Liebling der Saison
W. R. Wagner / pixelio.de
Man ist ja ein kulturell interessierter Mensch und geht ab und zu ins Theater, um etwas über das Leben zu lernen. Neulich gab es: „Der blaue Engel“, 1930 grandios verfilmt mit Marlene Dietrich und Emil Jannings.
von Claudia Auffenberg
Es ist die Geschichte einer unglücklichen Liebe zwischen der feschen Lola, einer Revuesängerin, und Prof. Rath, einem Gymnasiallehrer,den seine Schüler – und schon bald sogar Lola – „Prof. Unrath“ nennen. Man könnte die Geschichte auch so erzählen: Zwei Menschen, die ihr eigenes Leben hassen, ketten sich aneinander in der irrigen Hoffnung, der jeweils andere würde ihn/sie aus dem persönlichen Elend ziehen. Die Sache scheitert dramatisch. Irgendwie bedrückt verlässt man das Theater.

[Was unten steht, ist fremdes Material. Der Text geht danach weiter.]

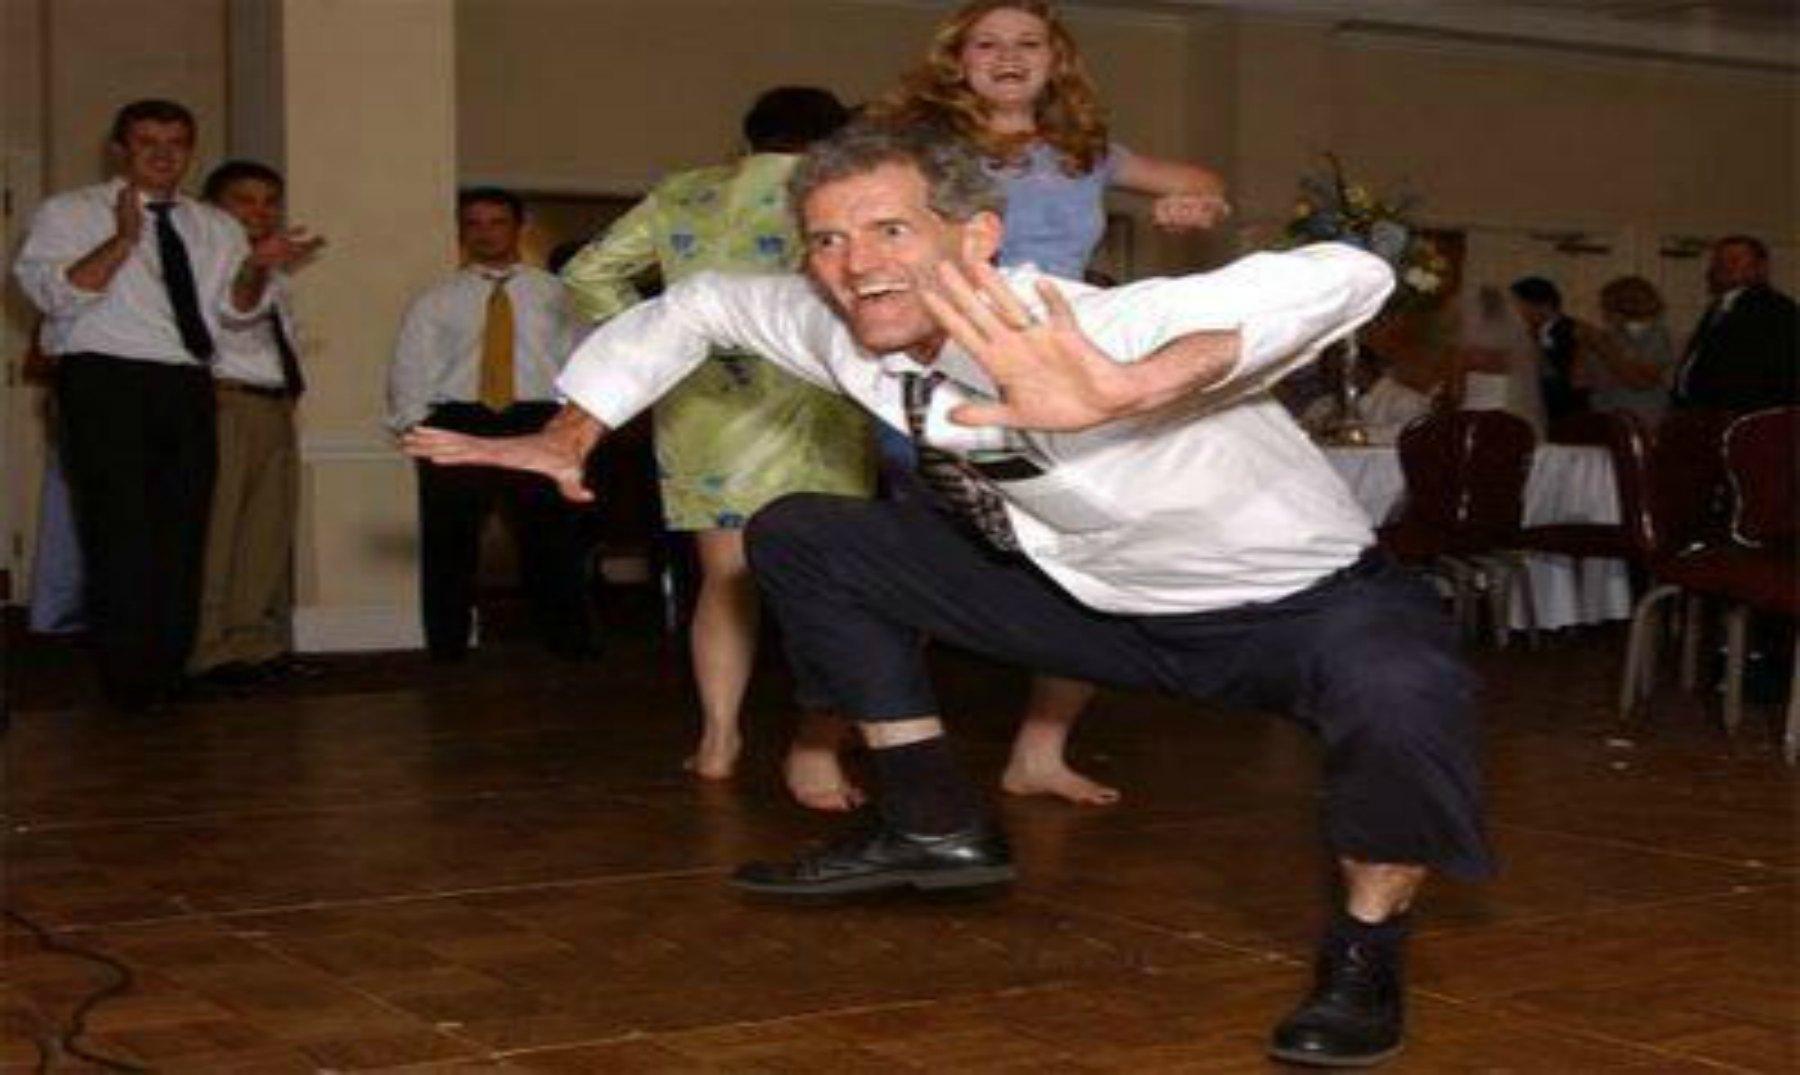 Asi me gusta bailar sobre una pija - 1 part 4

Am Morgen danach im richtigen Leben hat man es wieder mit einem (ehemaligen) Lehrer zu tun. Dieser feiert Geburtstag: schönes Lokal, gutes Essen, gesellige Runde. Die Begrüßung der Gäste verwebt der Jubilar mit einem Rückblick auf sein Leben: „Wann und wie sind die hier Anwesenden in mein Leben getreten?“ Es sind nicht immer große, bühnenreife oder dramatische Momente, aber es ist doch faszinierend, wie ein freundliches Wort hier, eine wohlwollende Aufnahme dort das Leben dieses Menschen prägten und prägen. Irgendwann hört man gar nicht mehr zu, weil man in Gedanken längst das eigene Leben durchstreift: Welche spielentscheidenden Begegnungen gab es bei mir? Wer war für mich zur richtigen Zeit am richtigen Ort? Wann sind die, die mich begleiten, dazugestoßen? Was für Menschen sind das? Und für wen könnte ich so jemand gewesen sein?
Was hat man nun gelernt im Theater und beim Geburtstag? In etwa dies: „Wenn jeder an sich selbst denkt, ist an jeden gedacht“, heißt so eine Redensart. Rein rechnerisch mag das stimmen, aber falsch ist es doch.